**TASK STATEMENT:** Every line of the listing is returned unchanged, and every picture is dropped.

**DATA SEGMENT:**
*** Begin section ***
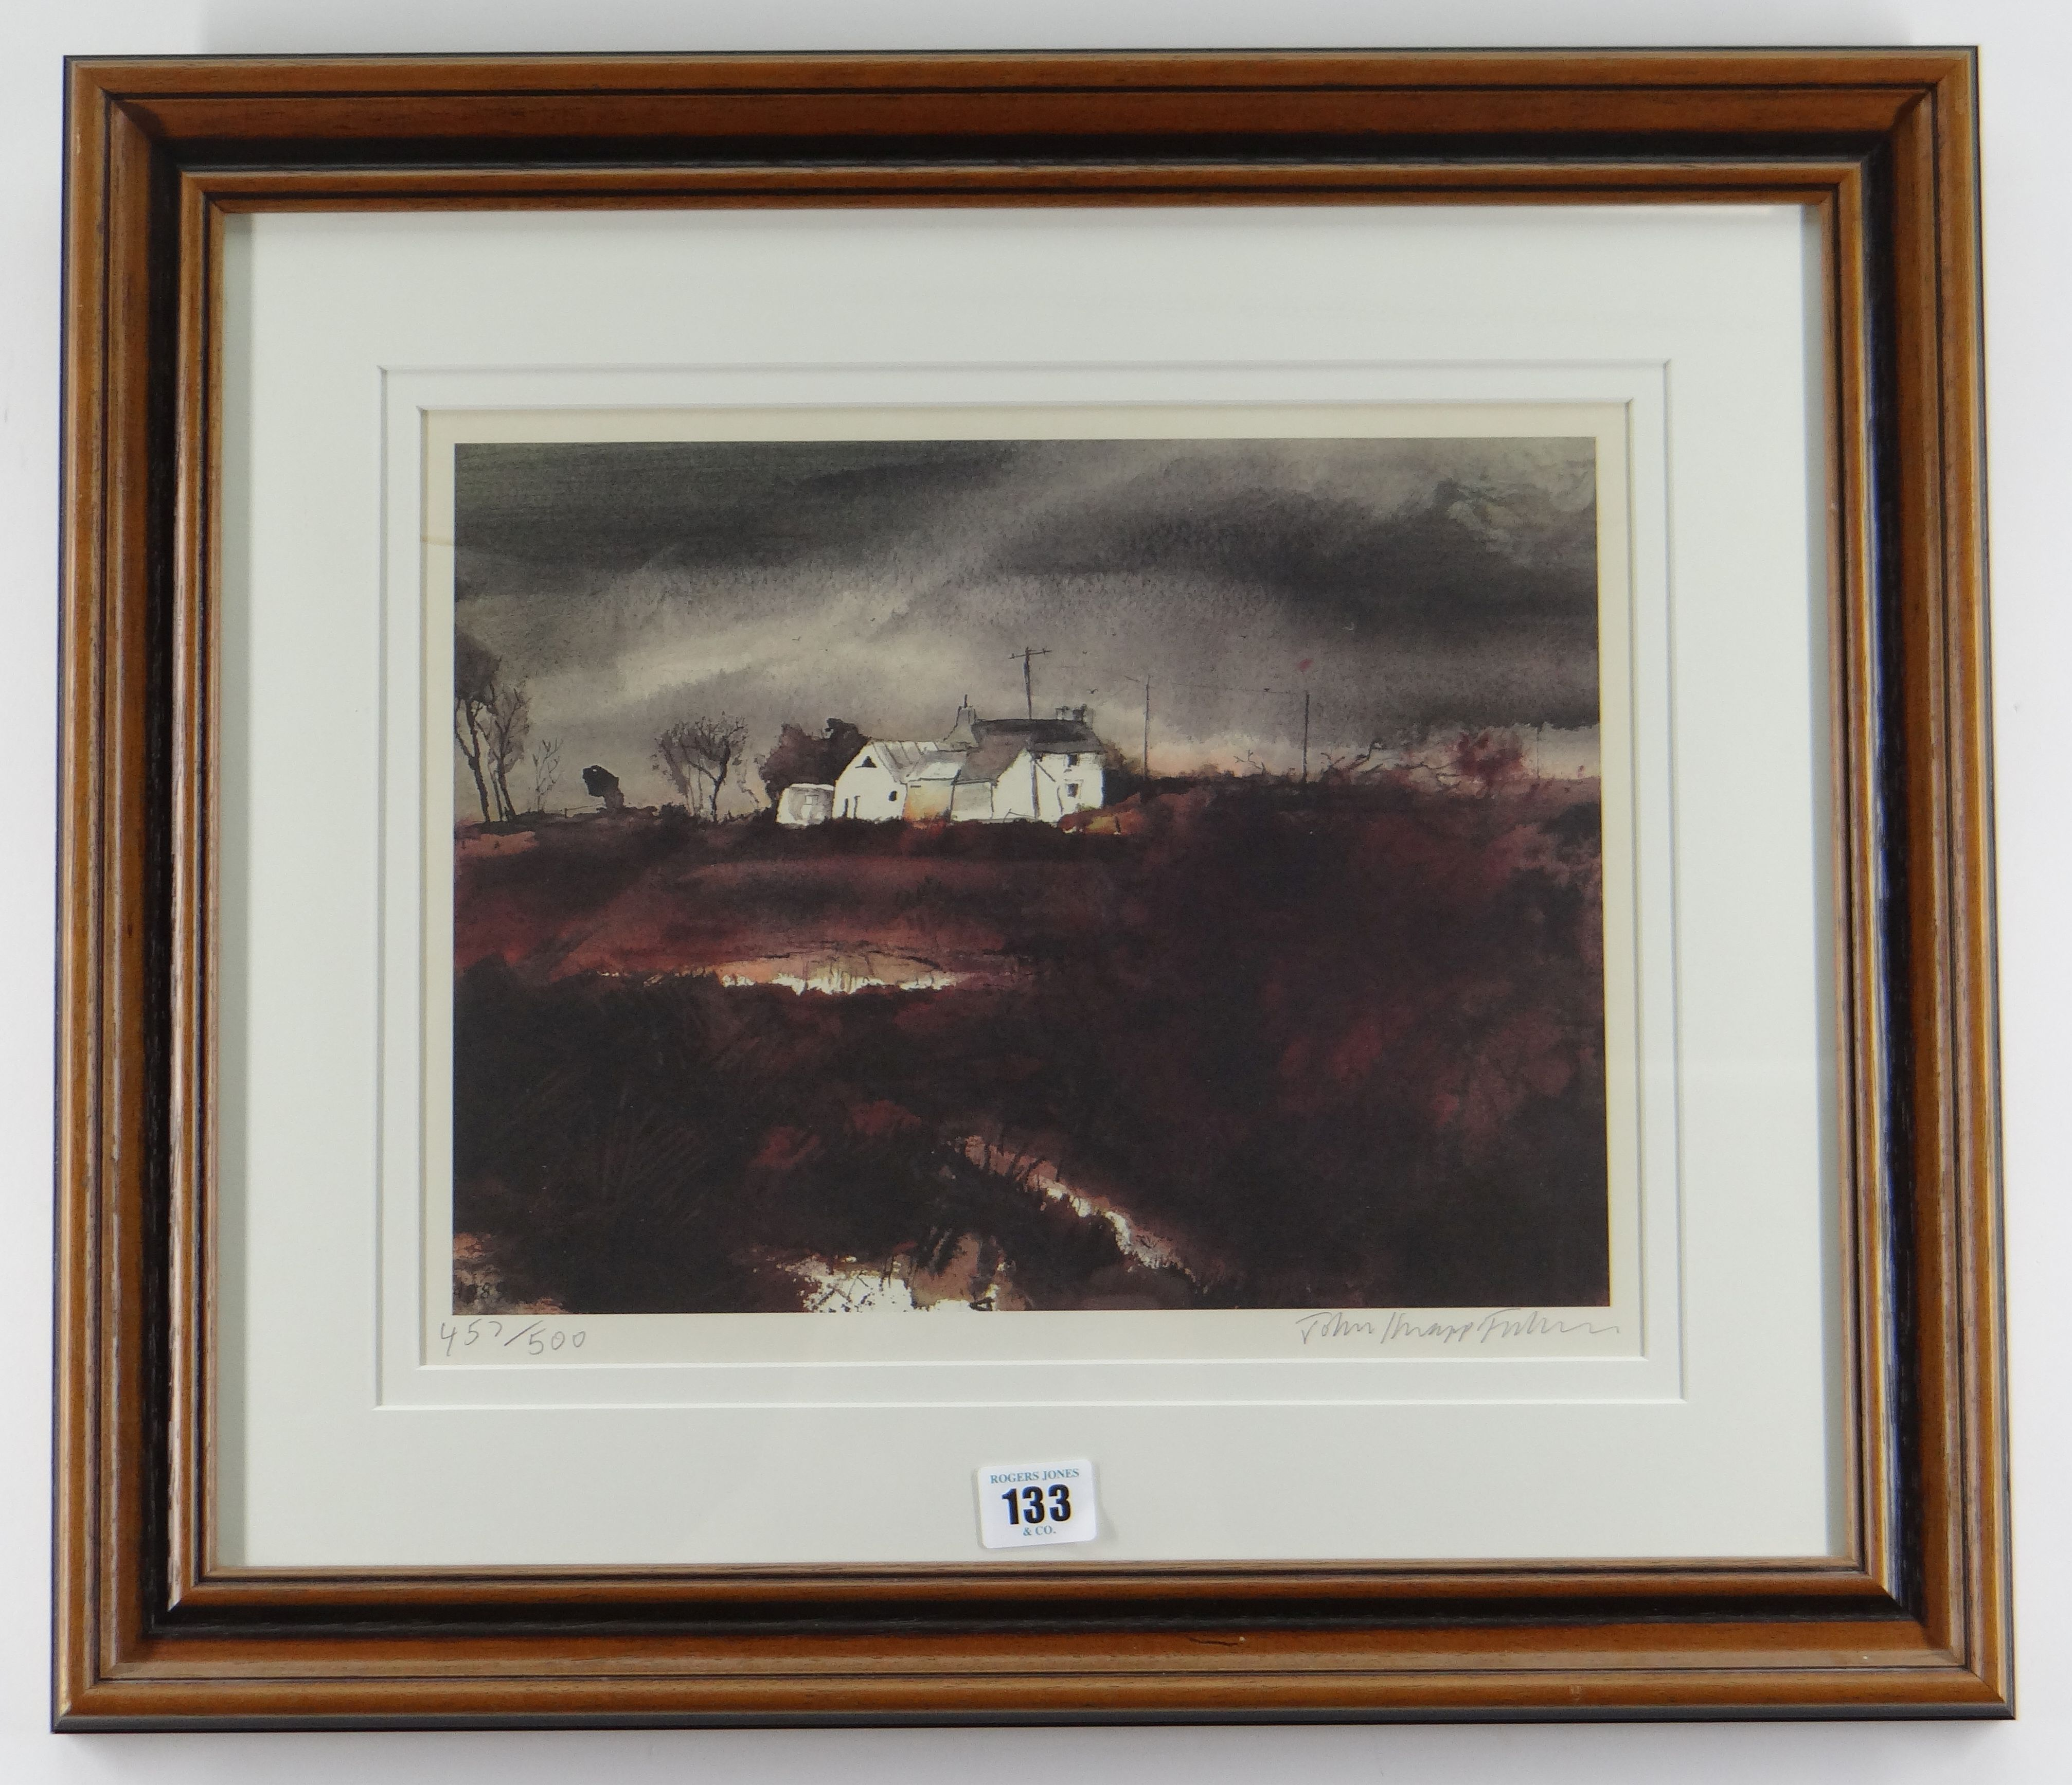 JOHN KNAPP-FISHER limited edition (457/500) print - entitled 'Farmhouse in Landscape', signed, 27 - Image 2 of 2
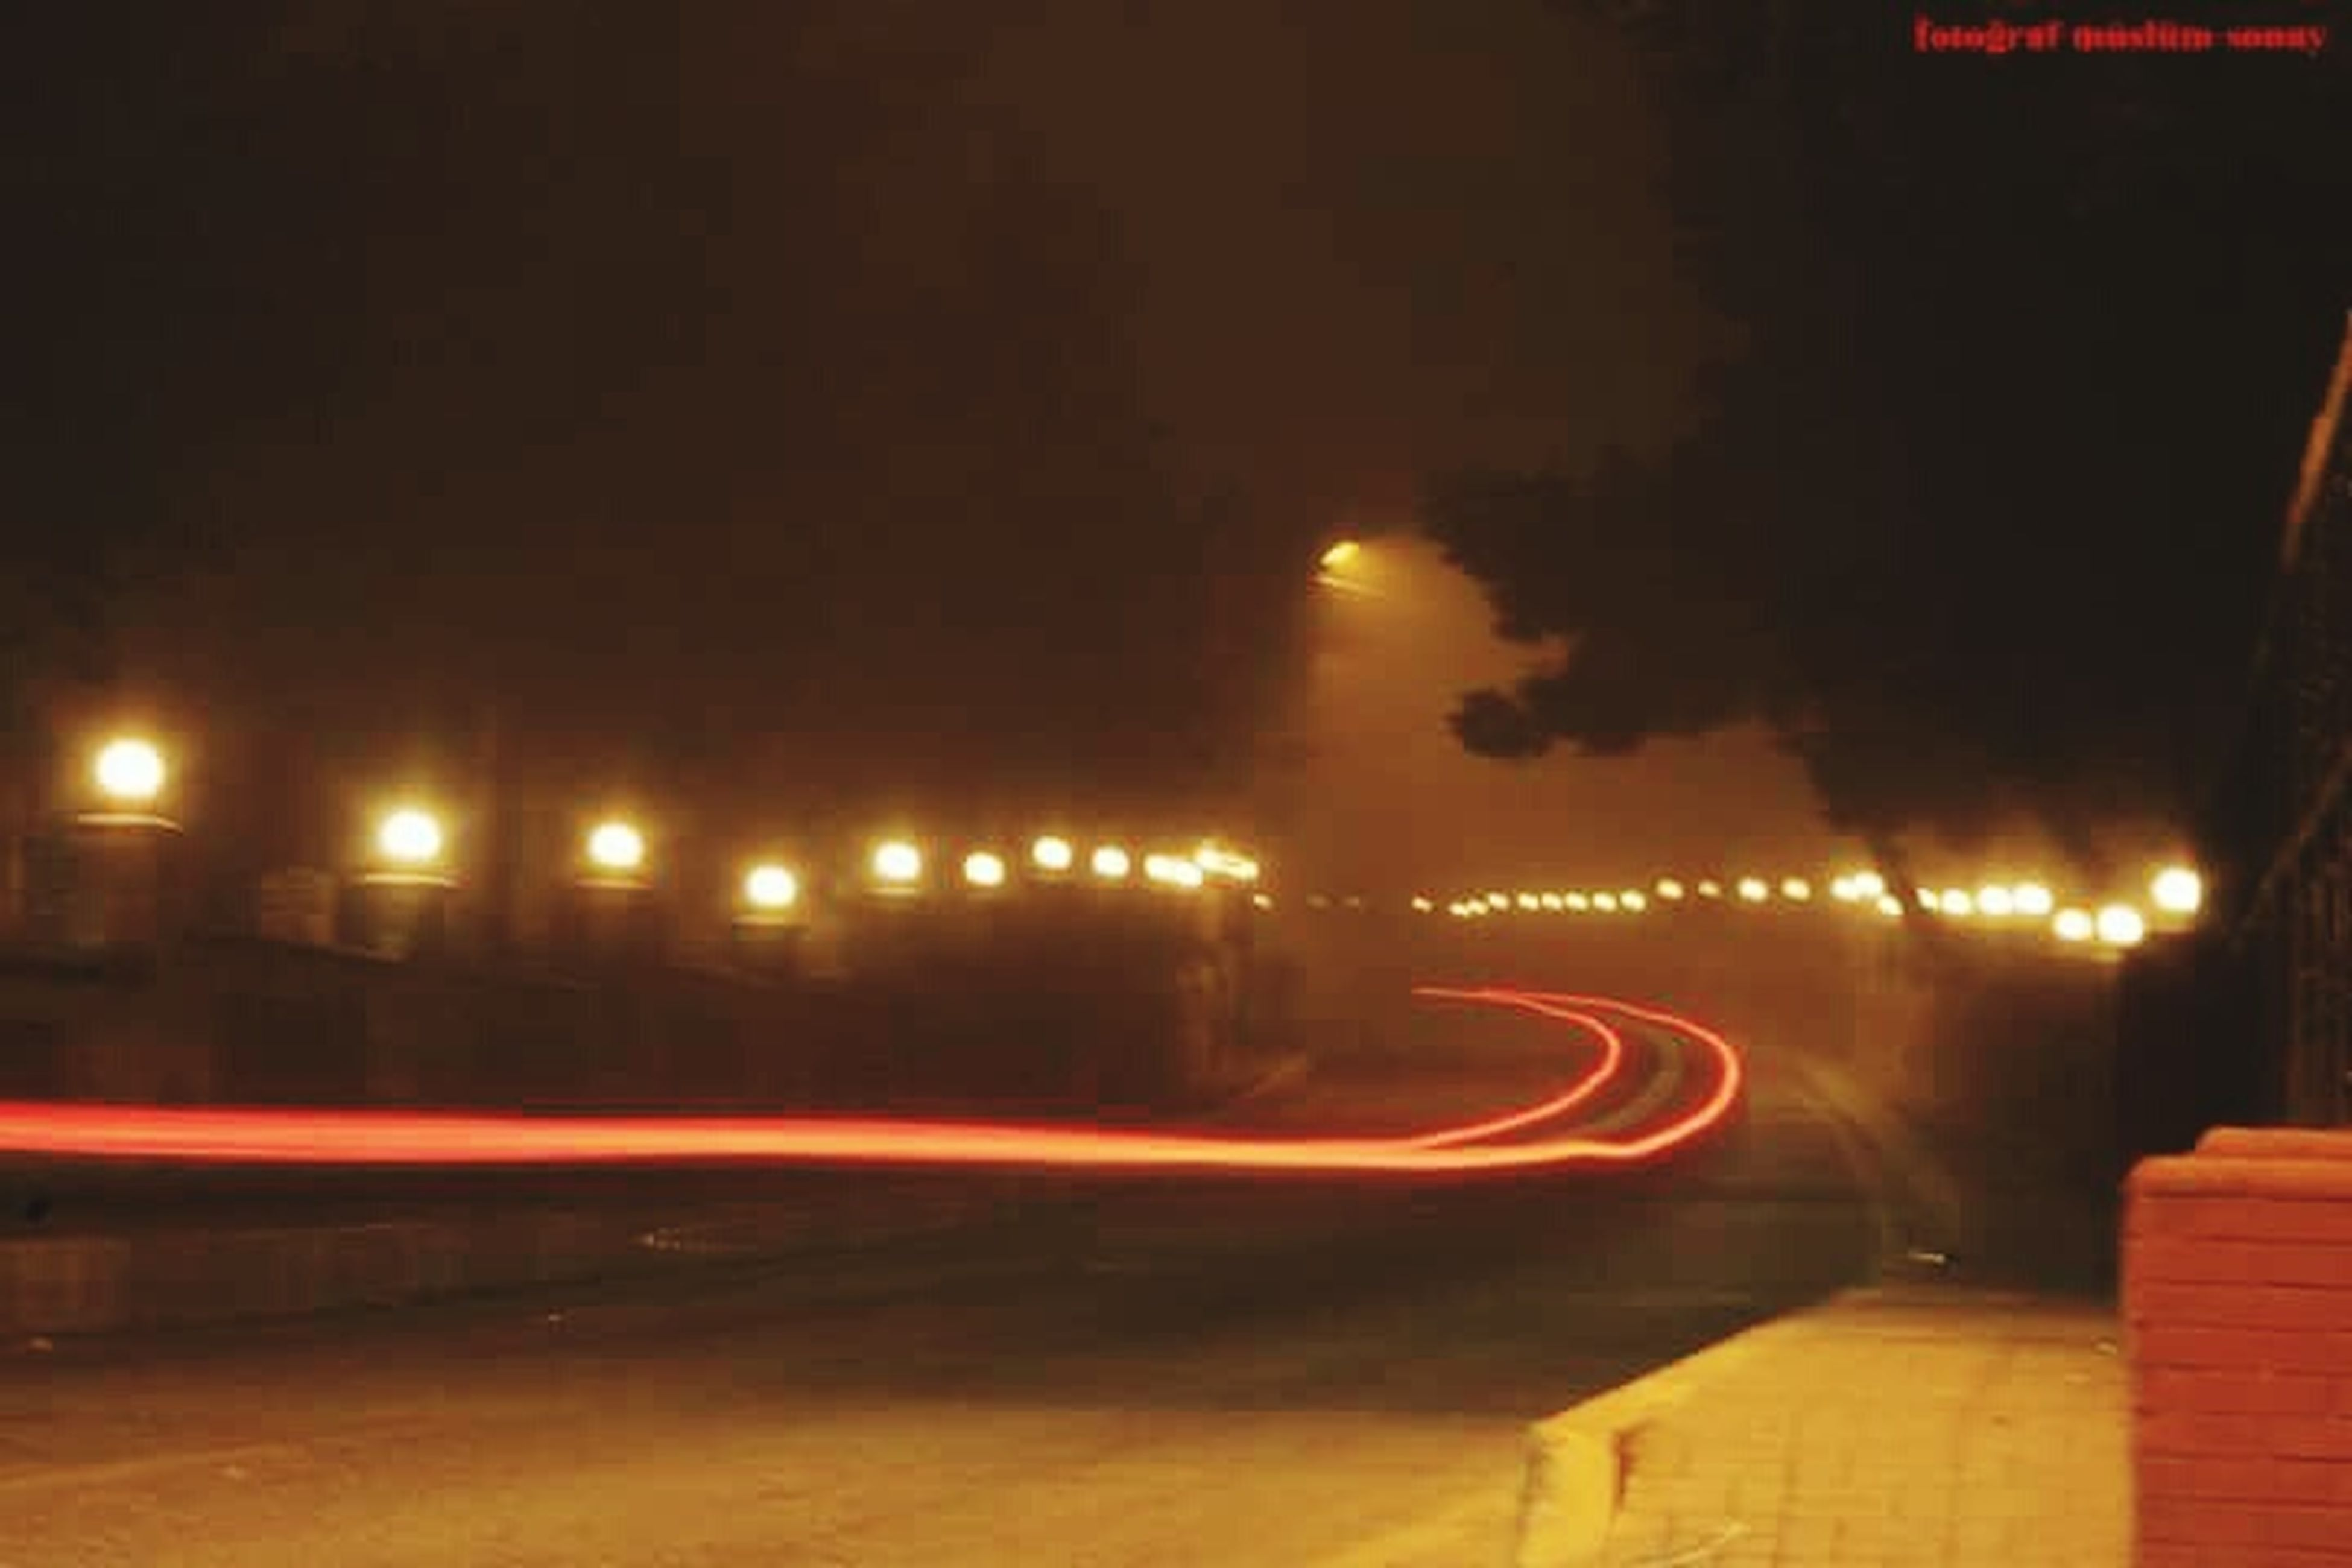 illuminated, night, transportation, long exposure, light trail, street light, speed, motion, lighting equipment, the way forward, road, blurred motion, street, city, sky, building exterior, mode of transport, light - natural phenomenon, on the move, city life
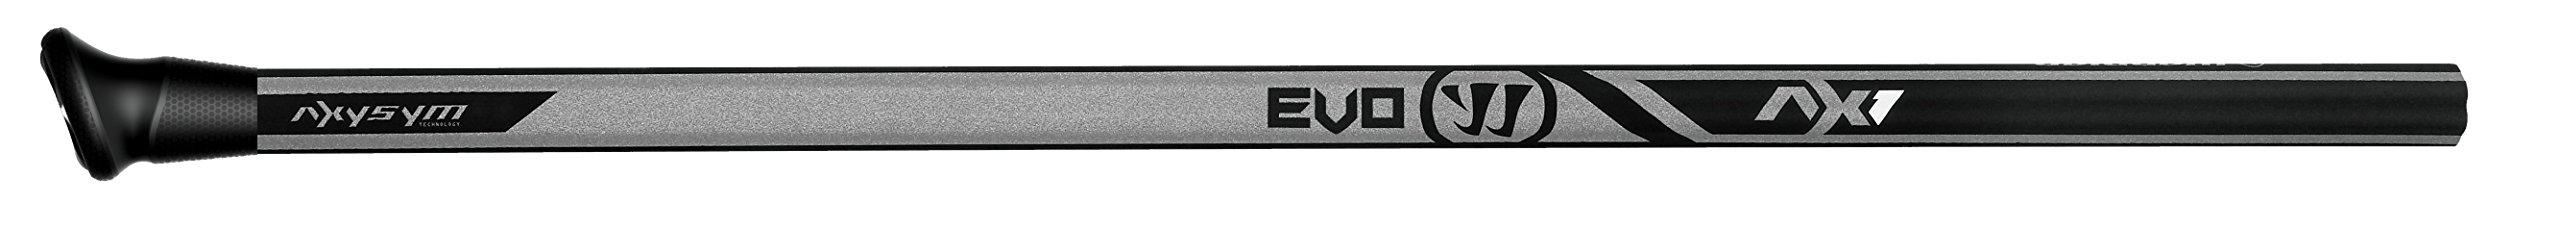 Warrior Evo AX1 Composite Attack Handle Lacrose Shaft, Black
*** End section ***
**WORKED SOLUTION:**
 JOHN KNAPP-FISHER limited edition (457/500) print - entitled 'Farmhouse in Landscape', signed, 27 - Image 2 of 2
 illuminated, night, transportation, long exposure, light trail, street light, speed, motion, lighting equipment, the way forward, road, blurred motion, street, city, sky, building exterior, mode of transport, light - natural phenomenon, on the move, city life
 Warrior Evo AX1 Composite Attack Handle Lacrose Shaft, Black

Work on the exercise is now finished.